The five returning starters averaged 6-foot-5 and 327 pounds per man, topped by Ulumoo Ale, who turned up as the Pac-12's second-meatiest player at 365 pounds, Henry Bainivalu waddling around at 340 and Victor Curne packing 330.

They were set to become the Huskies' heaviest offensive line in school history.

Asked if these guys somehow were too big, veteran line coach Scott Huff shrugged it off and said he wasn't concerned.

He  should have been. Twelve fairly unimpressive games later, the UW offense was declared a massive failure in a 4-8 season, the line a big disappointment and head coach Jimmy Lake the wrong man for the job in Montlake, with his lack of attention to detail, or poundage, a glaring omission. 

Out of this rubble, just one coach stepped out of it unscathed — Huff.

While setting new parameters for overall team fitness, especially with big-body offensive linemen, Kalen DeBoer put together his staff and offensive coordinator Ryan Grubb, a former line coach, deemed Huff salvageable as the run-blocking and pass-protecting guru. 

"He's been. huge," Grubb said. "There was a lot of evidence to keep a great coach like Coach Huff. That's not an industry norm when you come in, take over a program and keep a guy, especially in such a pivotal position." 

Today, Huff's projected starters, all new since 2021, average a longer and leaner 6-foot-6 and 311 pounds across the front wall.

With a pass-minded offense in place, the line comes off a season in which it permitted just seven sacks while the entire unit averaged a showy 39.7 points per game.

Huff can take a couple of bows, both for surviving the coaching purge and for providing results for DeBoer.

Going through the coaching staff, Huff is next up in a series of profiles about each of the Huskies' coordinators and assistant coaches, summing up their time spent in Montlake so far and surmising what might come next for them.x



Huff is an overly positive and always protective line coach. He's acknowledged as much how he'll have only complimentary things to say about his guys, to the point media members have to make their own conclusions when lineup changes are made.

Such was the case in 2021 when Julius Buelow beat out Ale at left guard to open the season, then gave the job back to Ale at midseason, before Troy Fautanu moved in front of both of them to finish up.
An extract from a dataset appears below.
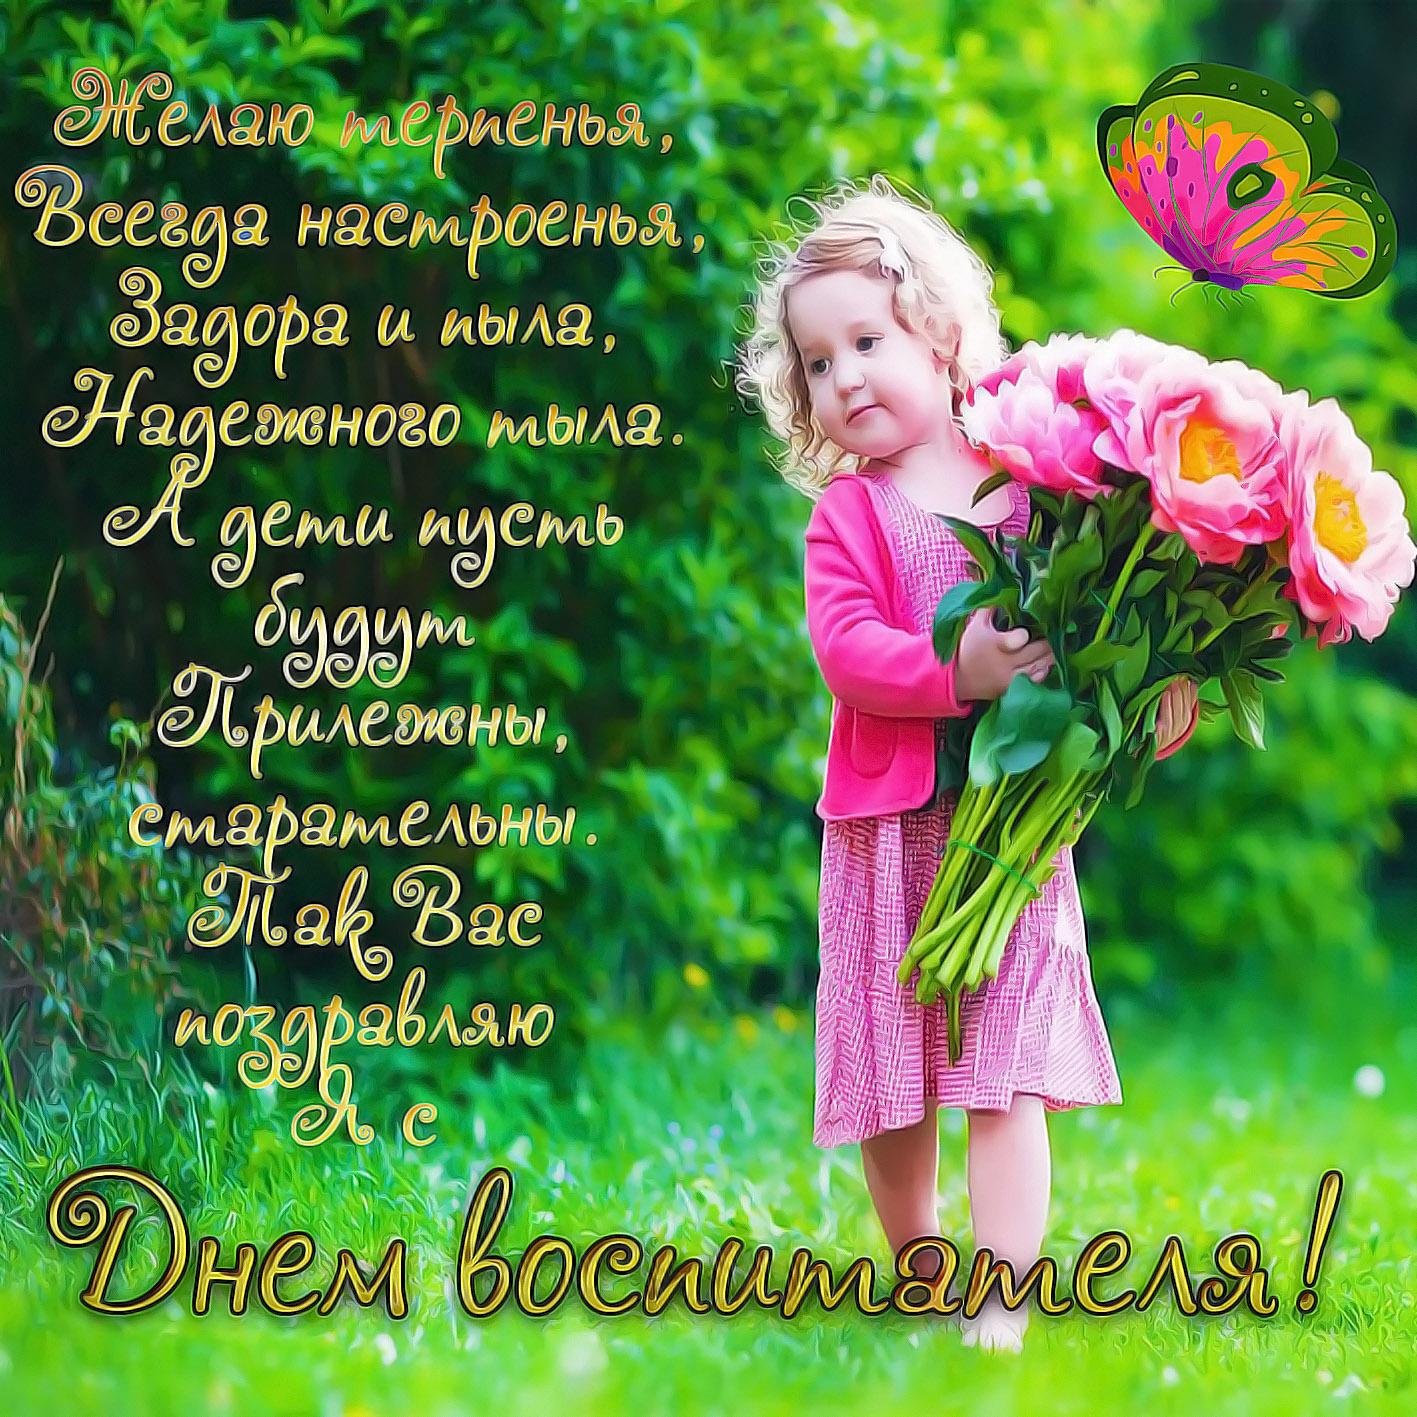 этим заболеванием поздравления с днем воспитателя красивые и трогательные детей внуков кружечке

Everyone supposedly played great, according to Huff, where in reality the first two struggled.

Yet Huff is well liked by the Husky linemen, seems to be good with them in getting his teachings across and has recruited well. 

In Roger Rosengarten and Fautanu, he now has a pair of offensive tackles as talented as any in the conference. He has five line recruits coming in, with freshman center Landen Hatchett a player with definitive star quality.

If Huff has learned anything himself, it's that bigger isn't necessarily better.


SCOTT HUFF FILE

Background: Huff can relate to his guys because he was a 40-game starter as a Boise State center and a first-team All-WAC selection as a senior in 2002. He enters his seventh season as a UW line coach for this third different coach, this after 11 seasons as a Boise State assistant coach. Chris Petersen hired him when he took over in Boise in 2006 and brought him to Seattle in 2017. 

Big Fix: Julius Buelow. The 6-foot-8, 313-pound Hawaiian lost his starting job in 2021 because he couldn't everyone off then quarterback Dylan Morris and gets a chance to reclaim it this fall. Huff needs to take advantage of this guy's size while getting him to play much nastier. 

Special Project: Parker Brailsford. While a little undersized at 6-foot-2 and 275 pounds, this redshirt freshman has impressed with his strength and quickness and could be a big contributor for a long time.